◆ **Dataset content**:
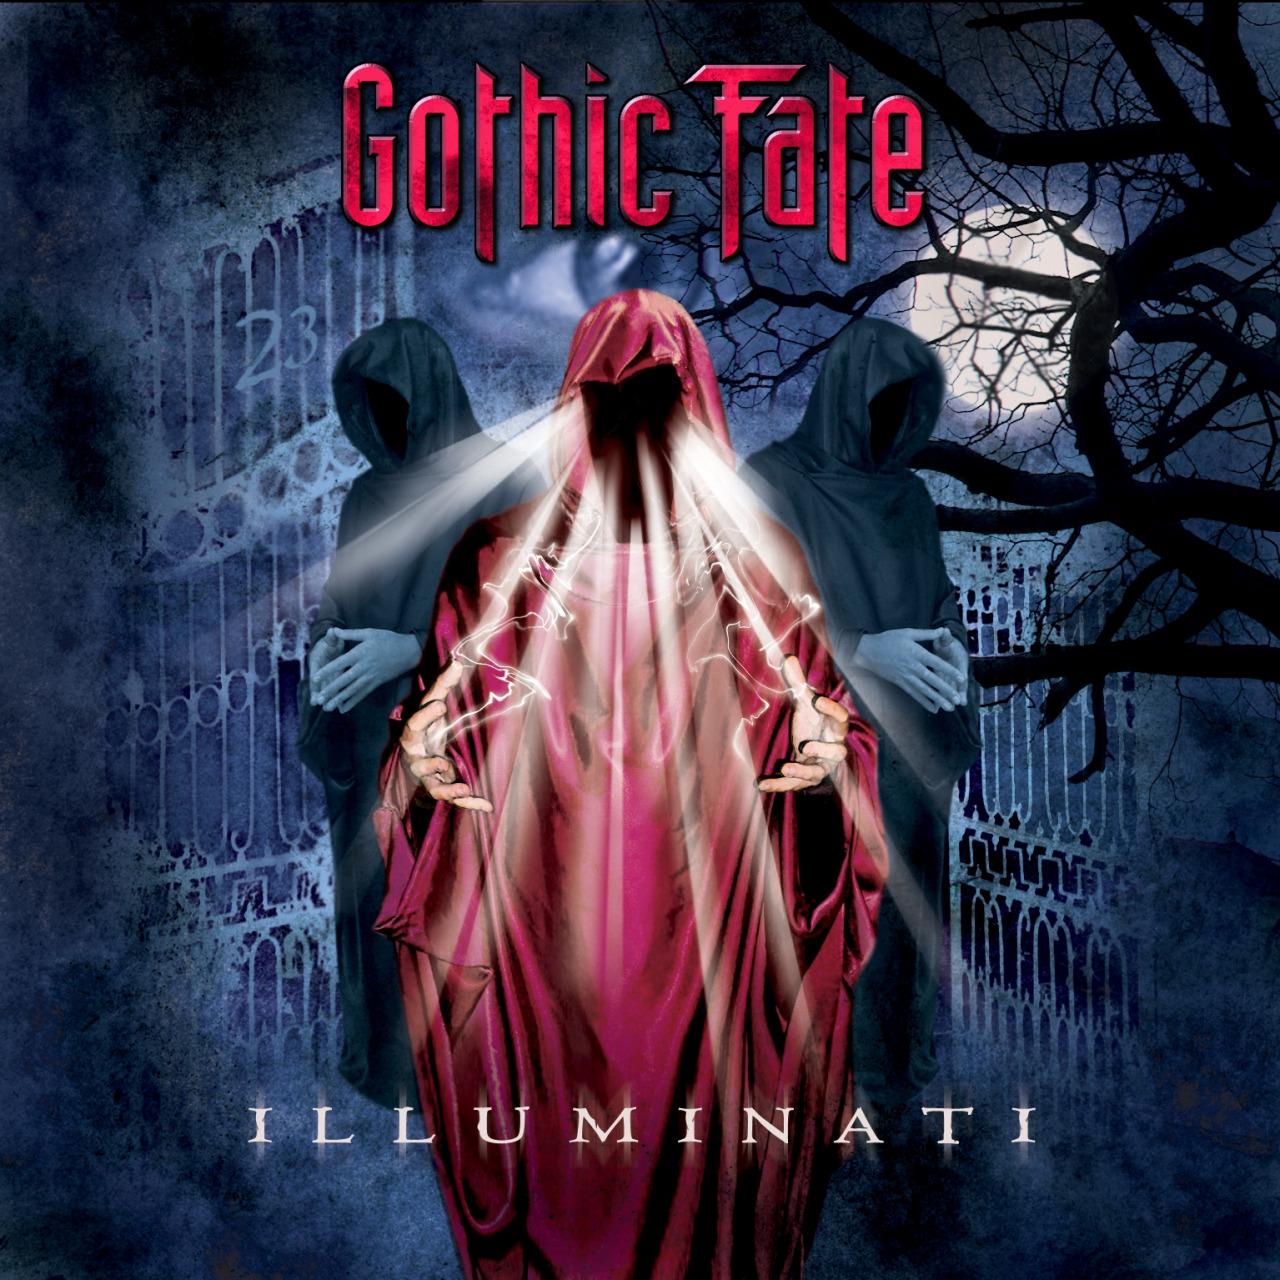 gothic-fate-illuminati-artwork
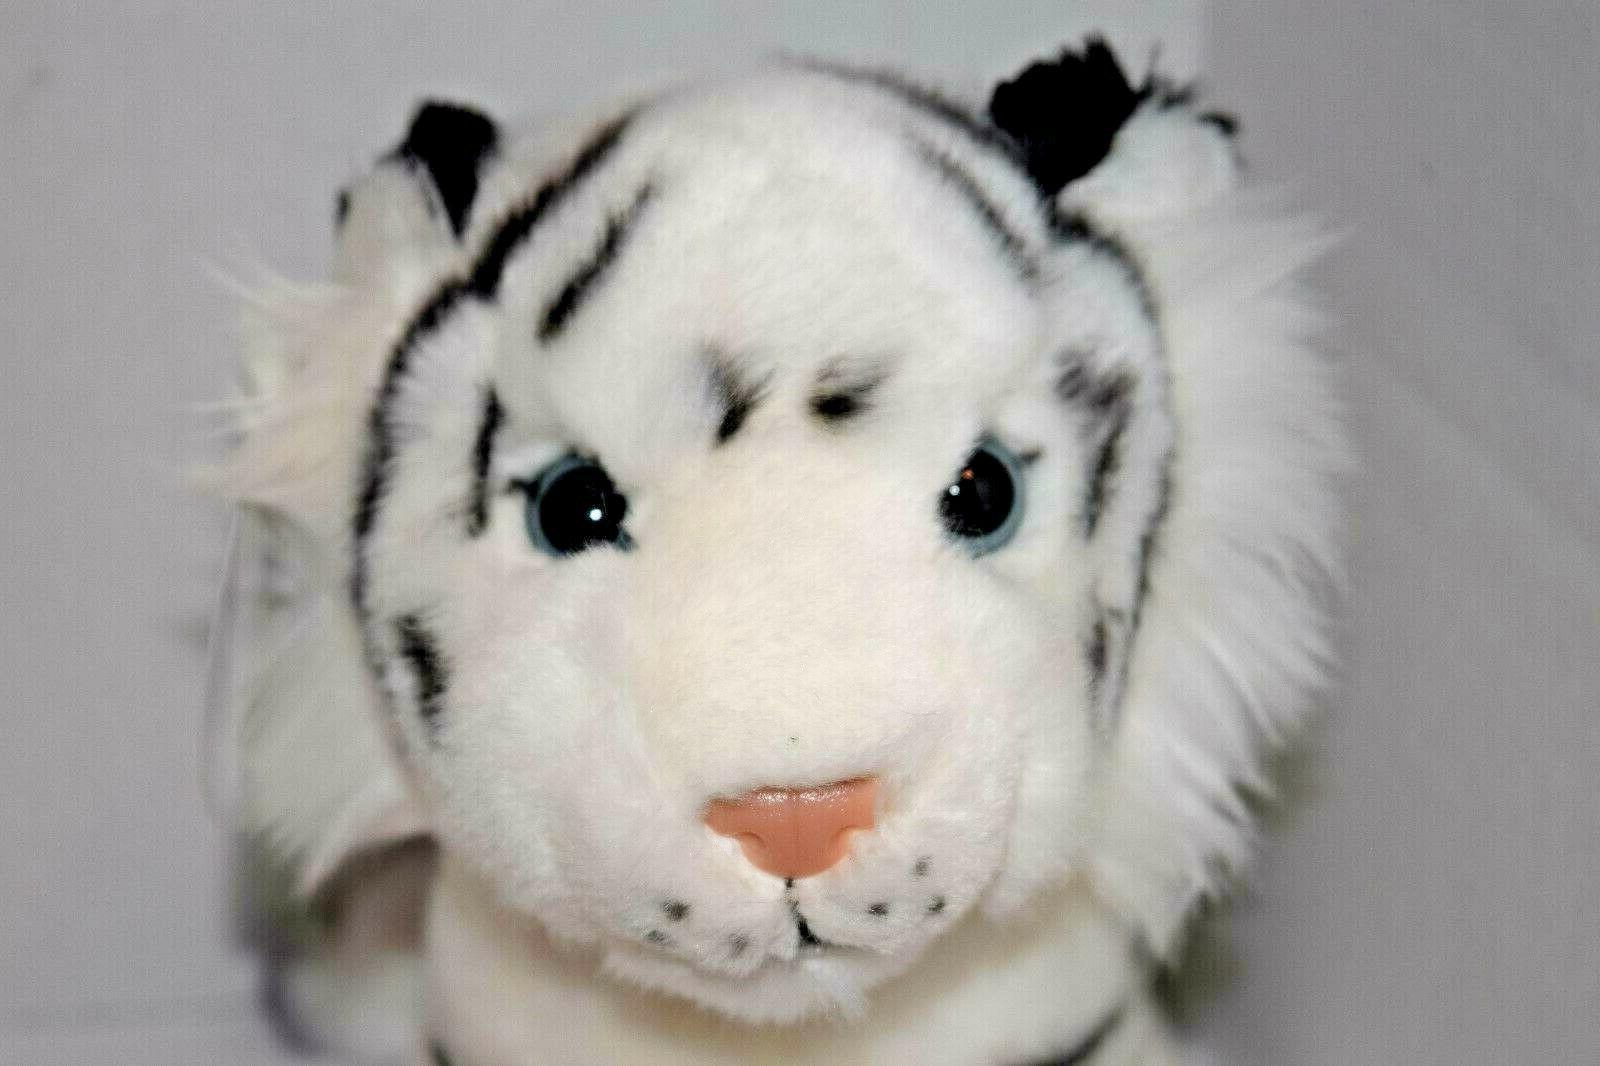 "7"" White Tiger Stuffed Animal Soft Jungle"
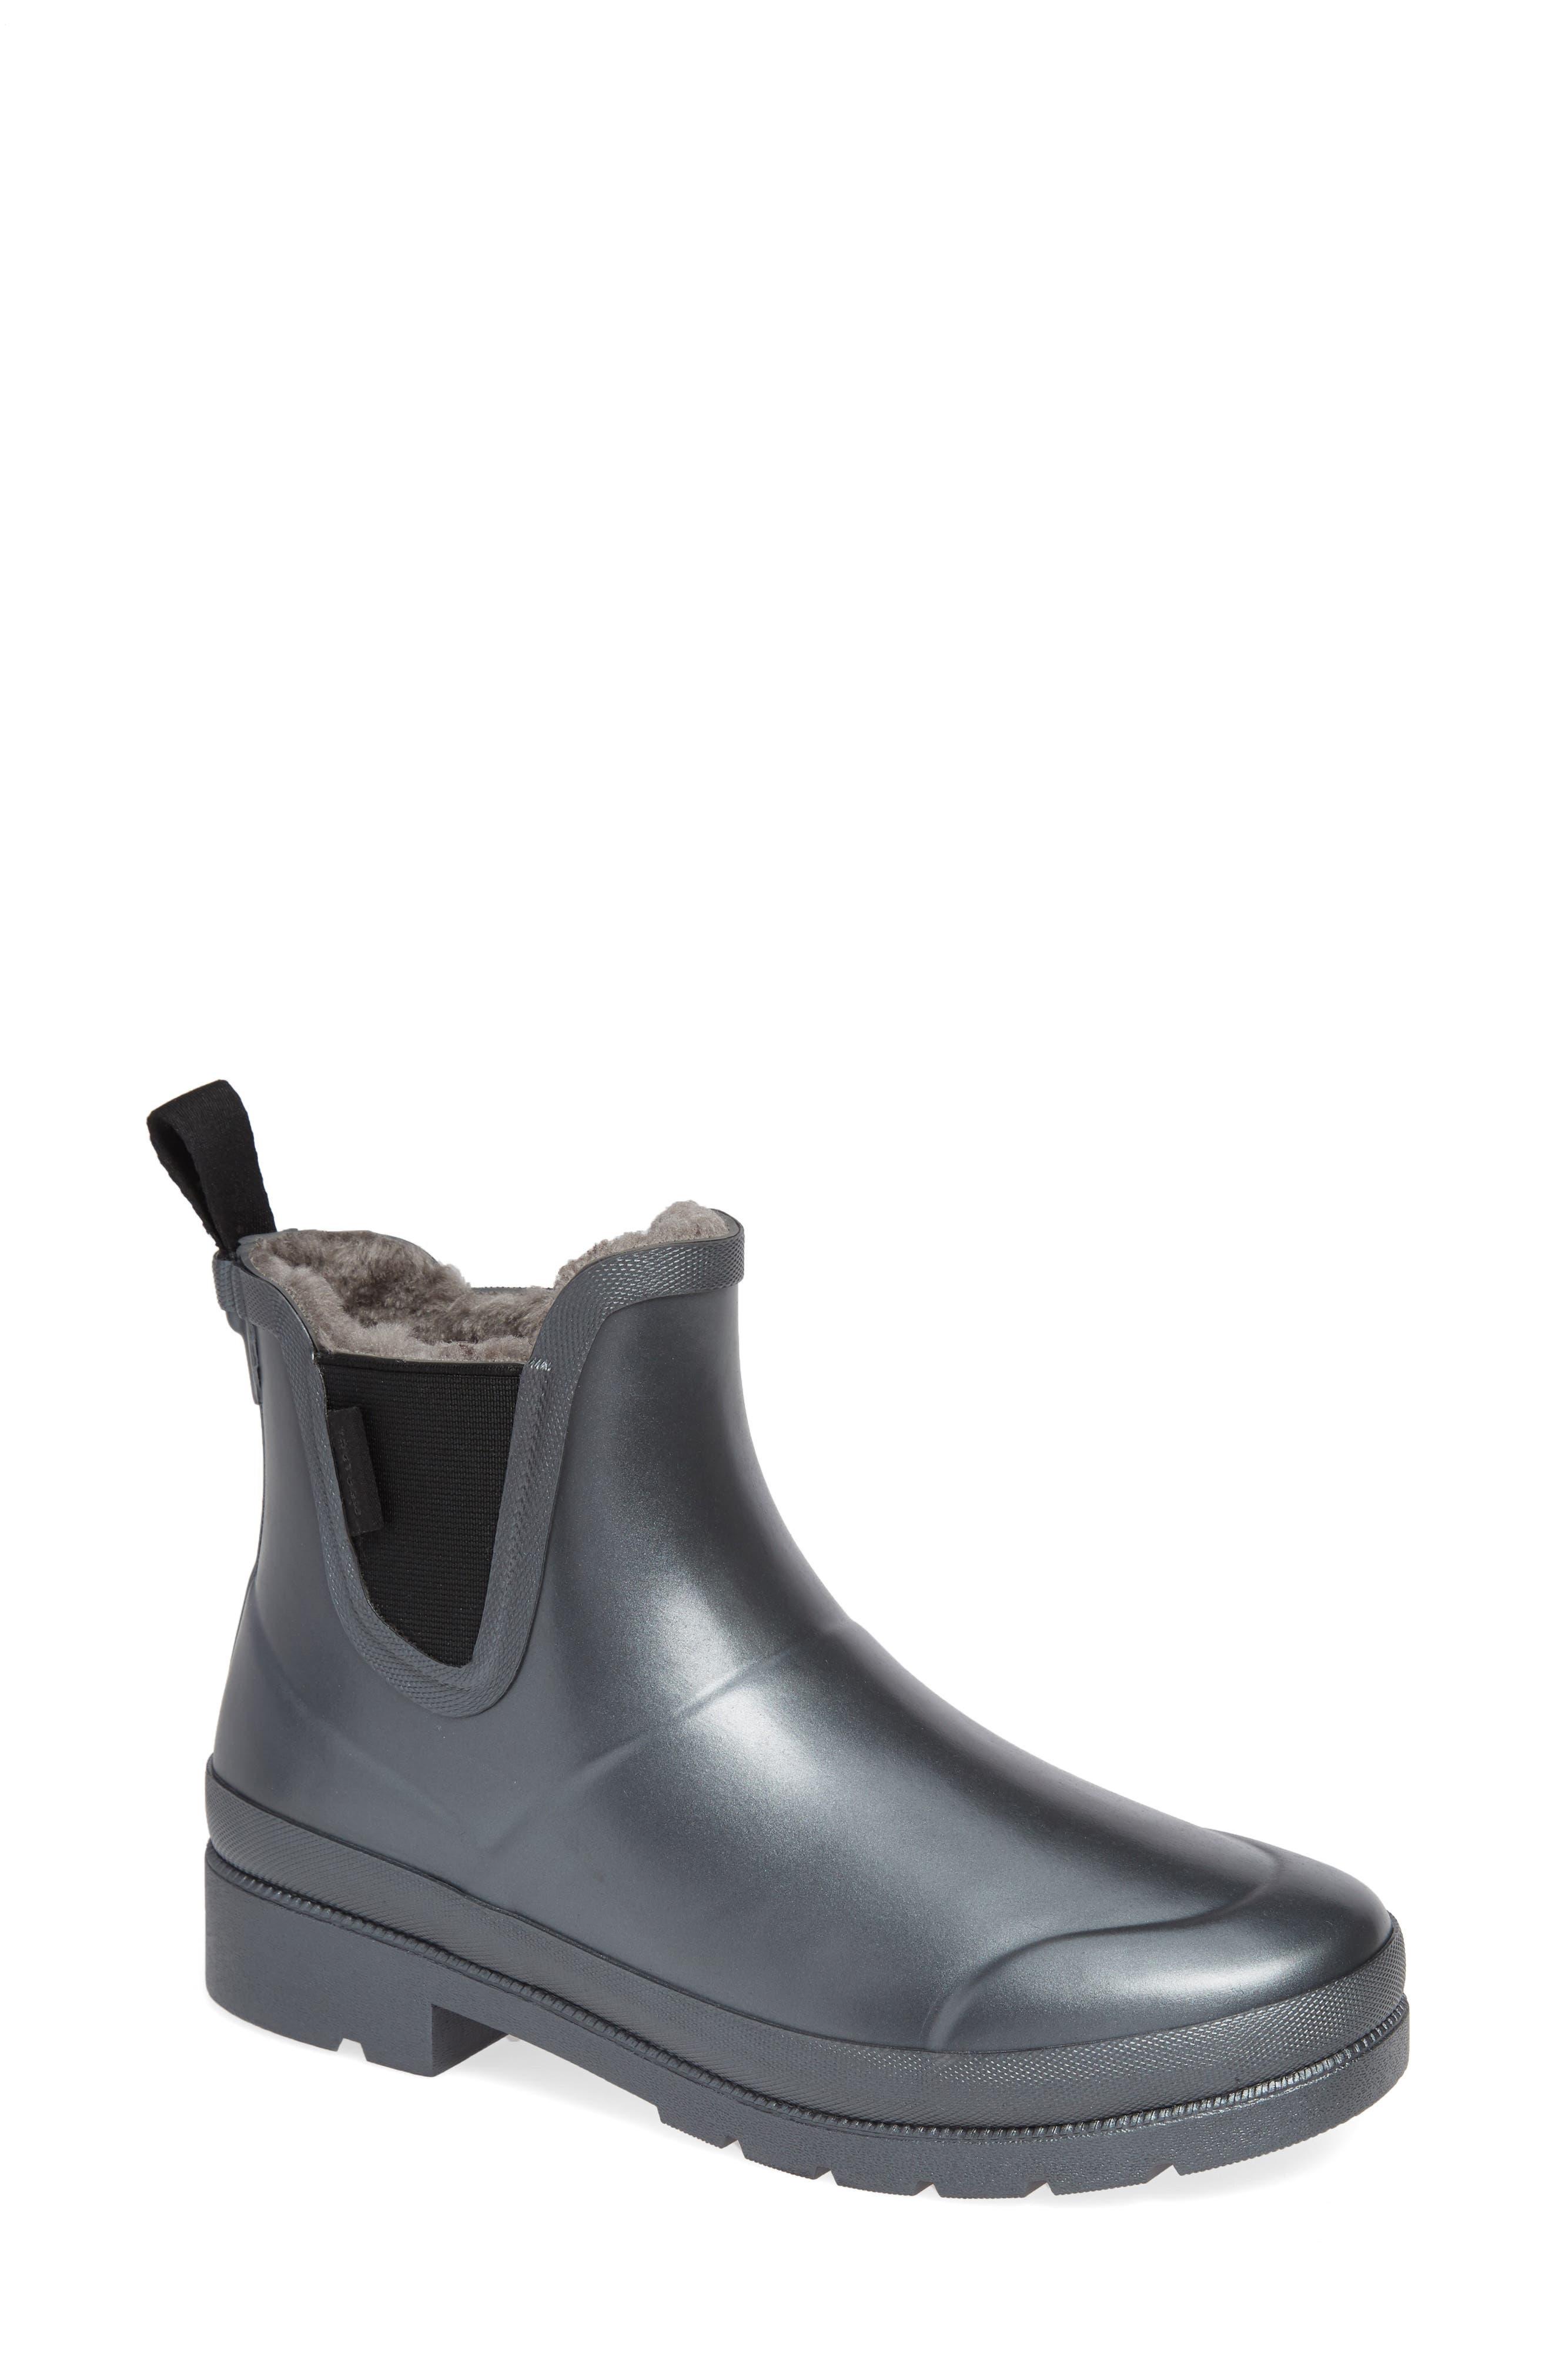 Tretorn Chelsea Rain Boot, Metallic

◆ **Task objective**:
Exclude all images and retype the data precisely.

◆ **Exercise answer**:
 gothic-fate-illuminati-artwork
 "7"" White Tiger Stuffed Animal Soft Jungle"
 Tretorn Chelsea Rain Boot, Metallic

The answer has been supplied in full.